Information supplied Start Marker

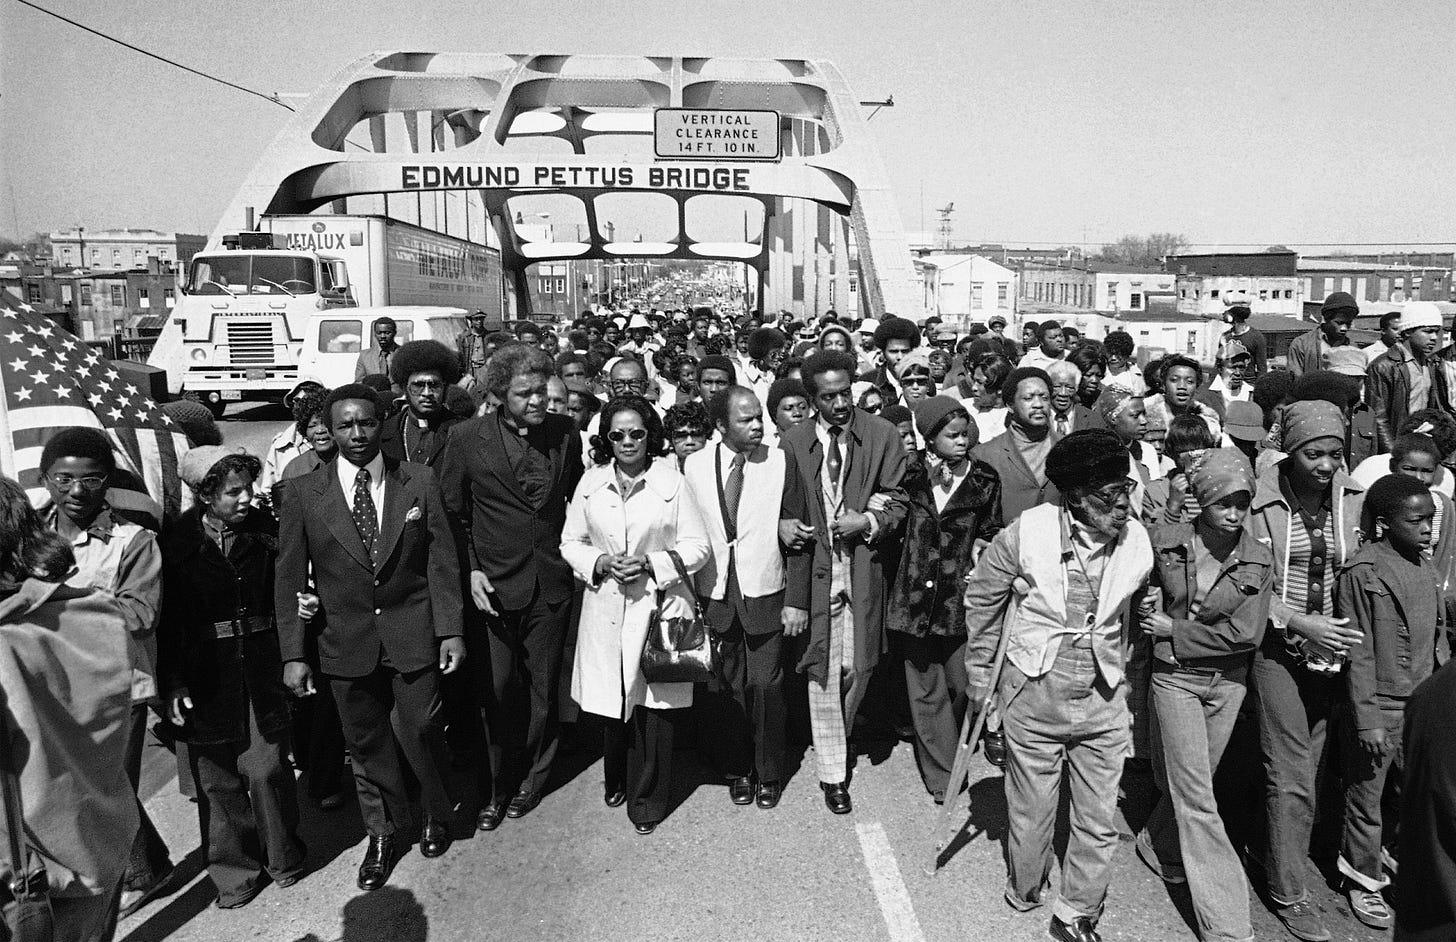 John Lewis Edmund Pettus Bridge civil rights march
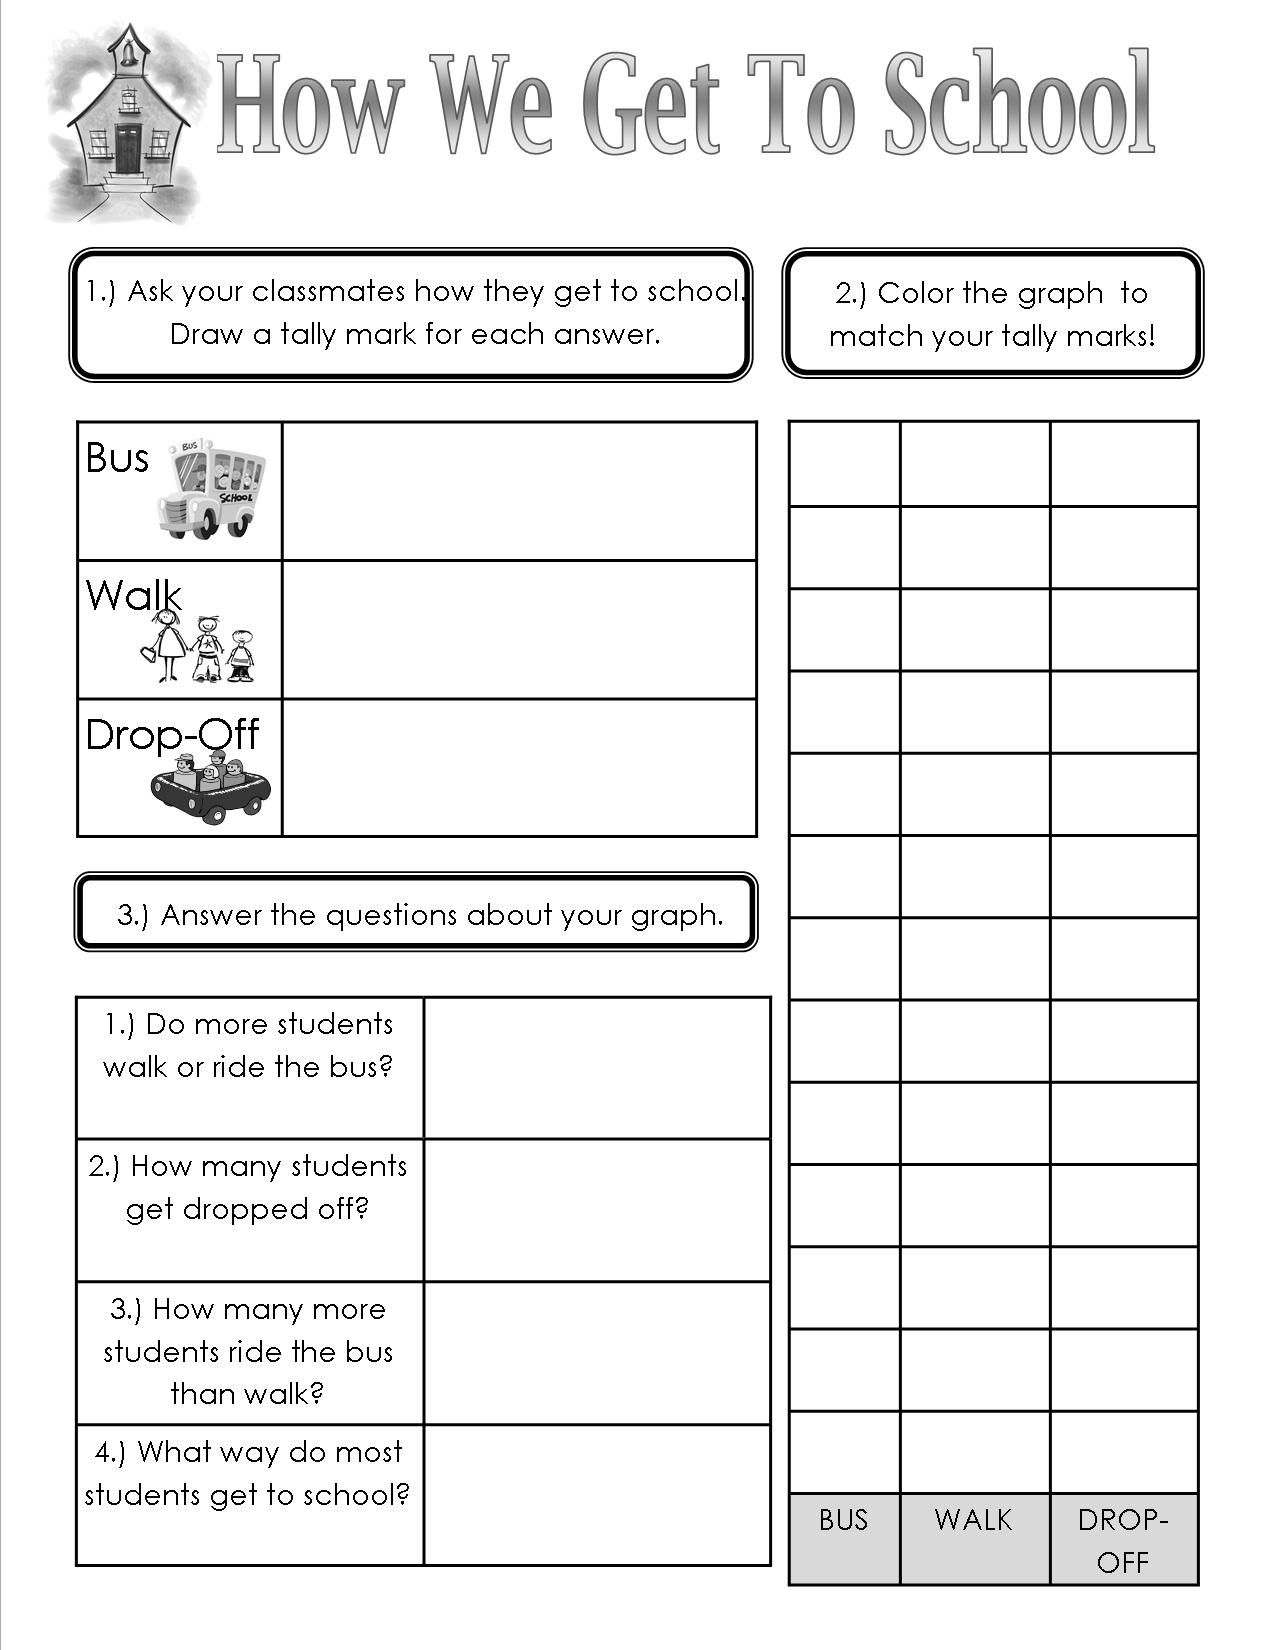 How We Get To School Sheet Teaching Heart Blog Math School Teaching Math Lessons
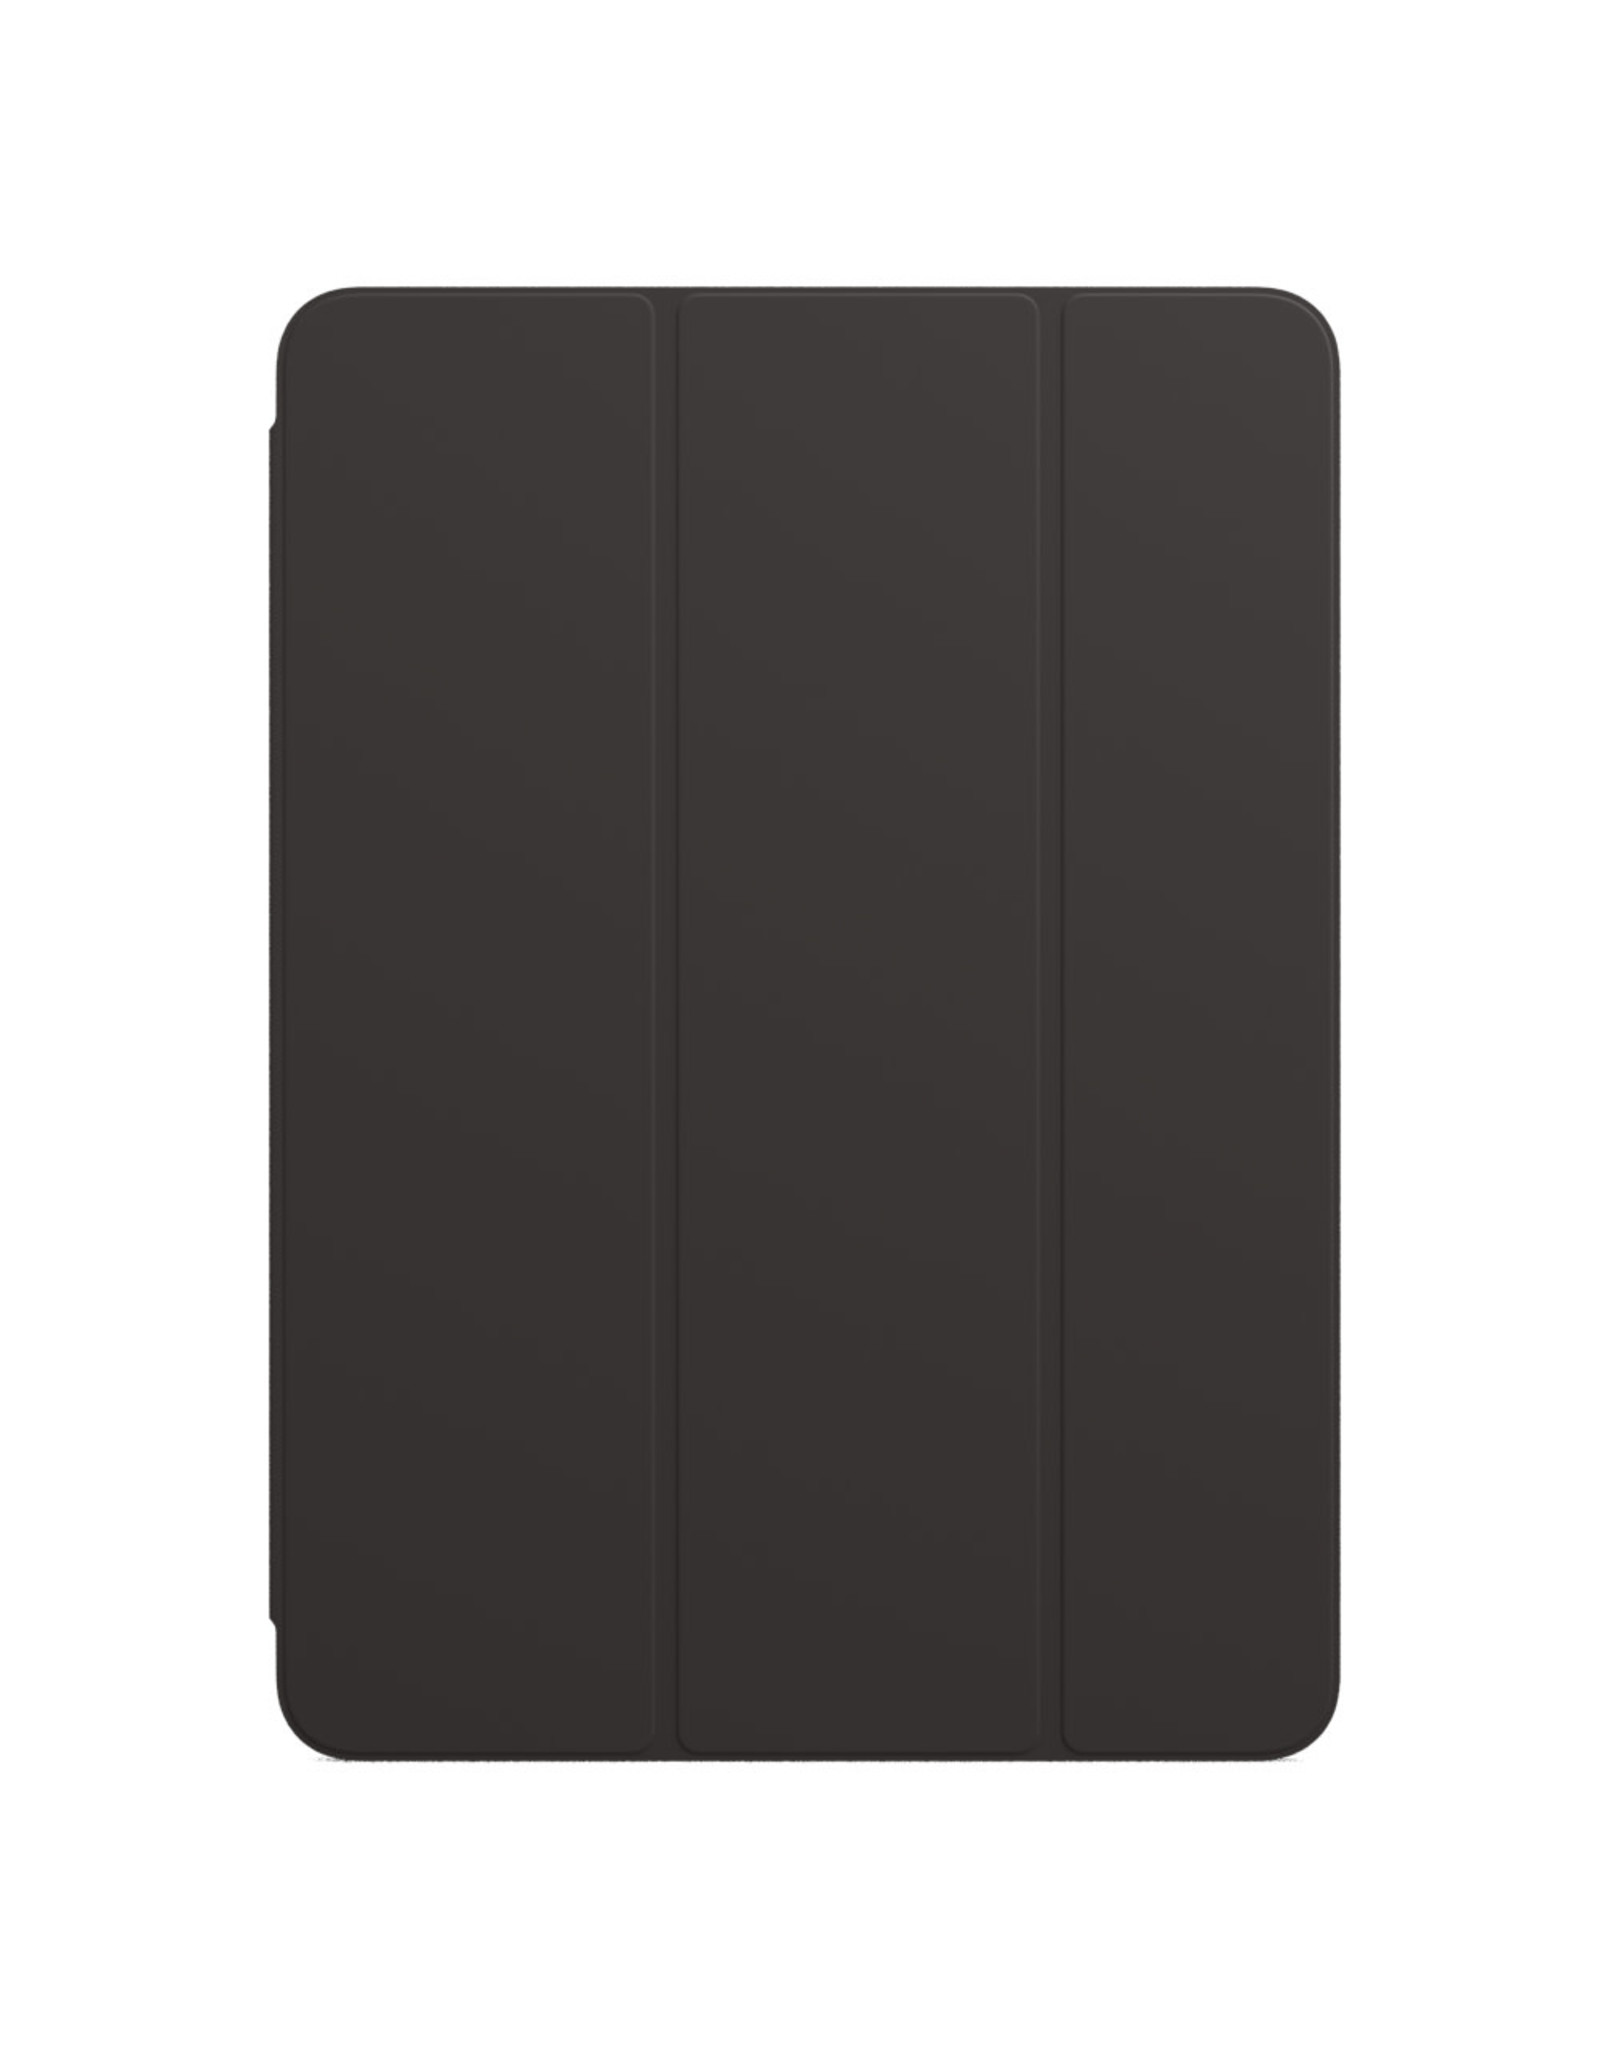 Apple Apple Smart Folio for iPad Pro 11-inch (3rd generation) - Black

Information supplied End Marker

## Task details:
The data must come back word for word, with every picture removed.

## Finished task:
 John Lewis Edmund Pettus Bridge civil rights march
 How We Get To School Sheet Teaching Heart Blog Math School Teaching Math Lessons
 Apple Apple Smart Folio for iPad Pro 11-inch (3rd generation) - Black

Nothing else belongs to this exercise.